Jack waży ok 2,7kg. Ma posturę Leona, czyli brakuje mu drugie tyle
Spał cały czas, dopiero jakieś 20 minut temu podniósł się i zaczął patrzeć na mnie intensywnie, tak intensywnie, że sama się obudziłam.
Exigent suchy (jadł kilka ziaren w schronisku) został obuczany, tuńczyk w sosie własnym też
Rozrobiłam convalescence.

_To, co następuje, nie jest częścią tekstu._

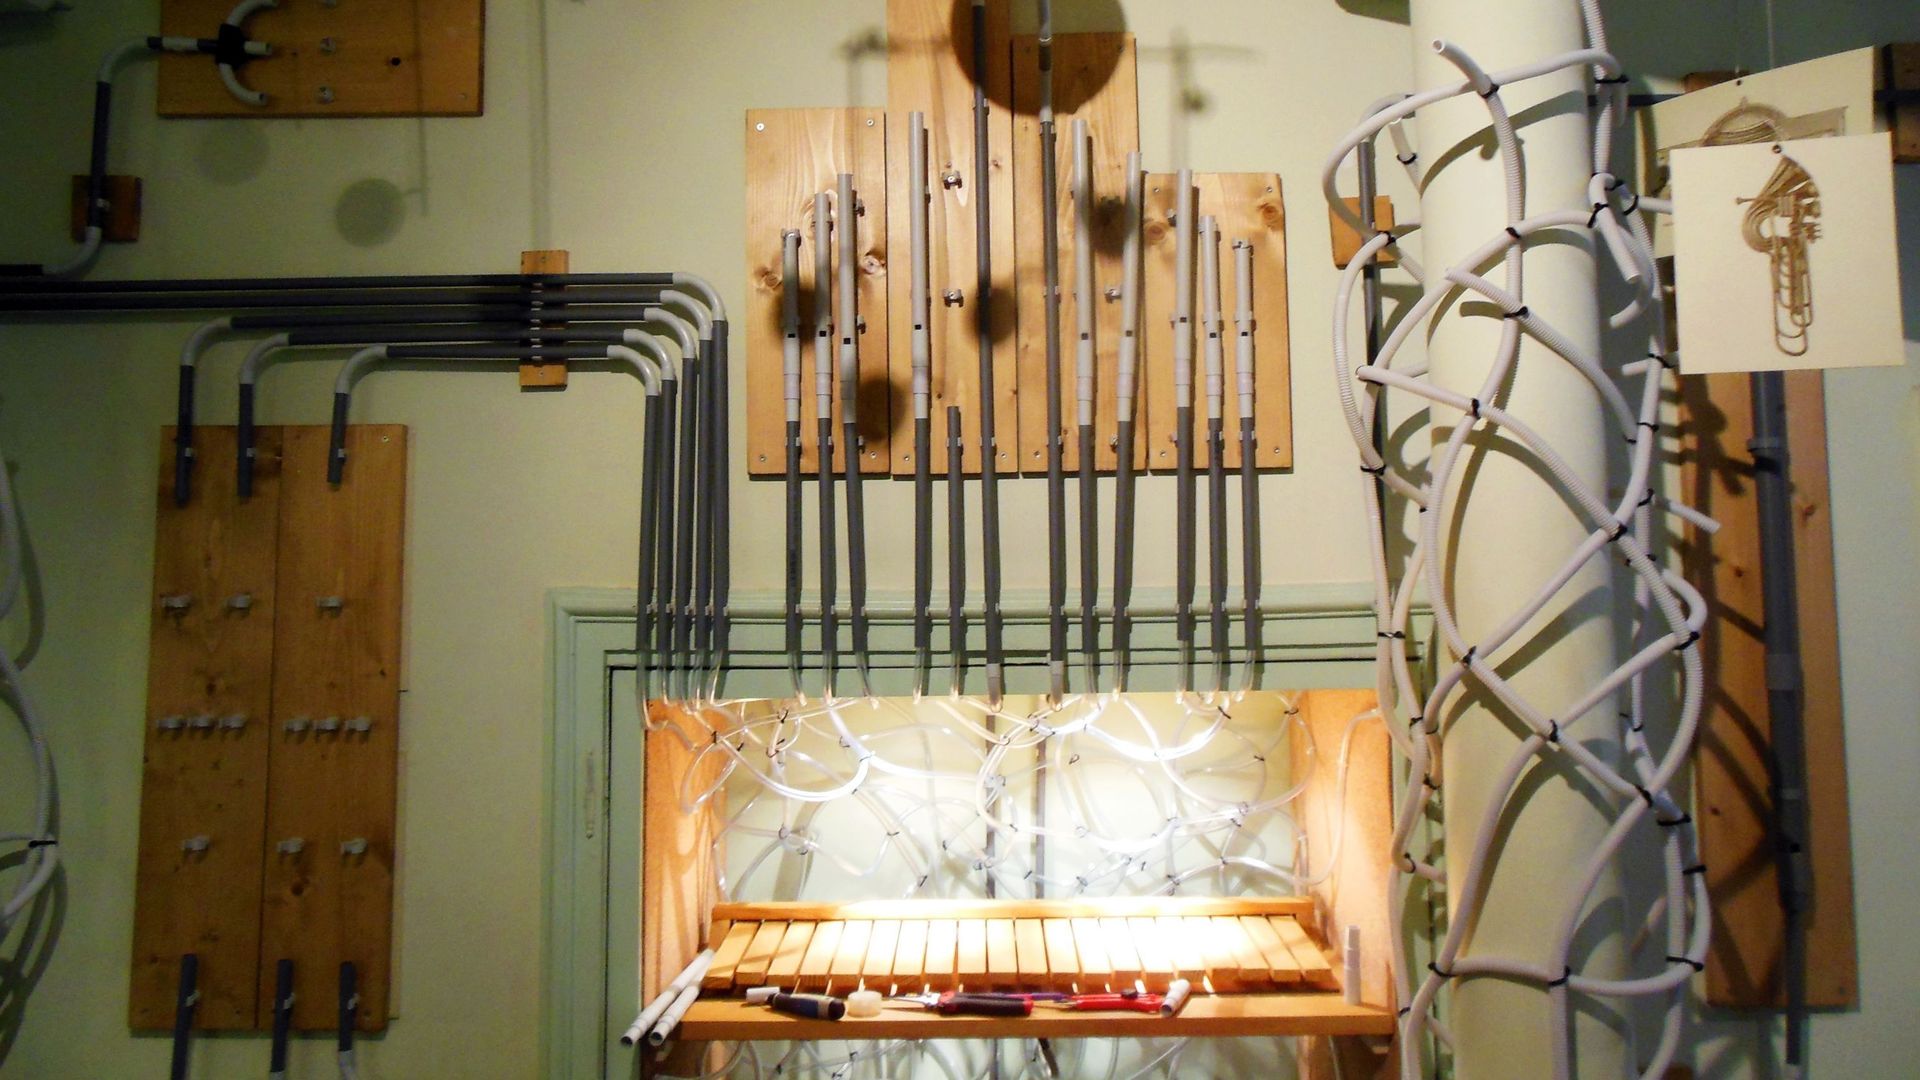 Un des instruments "sauvage" de la Maison de la pataphonie.

Karmienie Jacka to koszmar. Tak samo karmiło się Cardiamidka...
Na początku nie mogłam go opanować, owinęłam całego swoim szlafrokiem, zrobiłam mumijkę, którą trzymałam z tyłu za głową, bo Jack kąsał. Tylko zbliżyłam strzykawkę do pyszczka a on dostawał ślinotoku, odruchów wymiotnych. Uciekł mi, poszedł próbować wymiotować. Złapałam go znowu, tym razem lepiej. Pluł, ślinił się, zaciskał zęby, przy akompaniamencie buczenia wcisnęłam w niego 3 strzykawki 5ml. Lepsze to niż nic, będę jeszcze jedno podejście dziś robiła, za kilka godzin. Mam plan żeby przemycić jakoś między convem peritol.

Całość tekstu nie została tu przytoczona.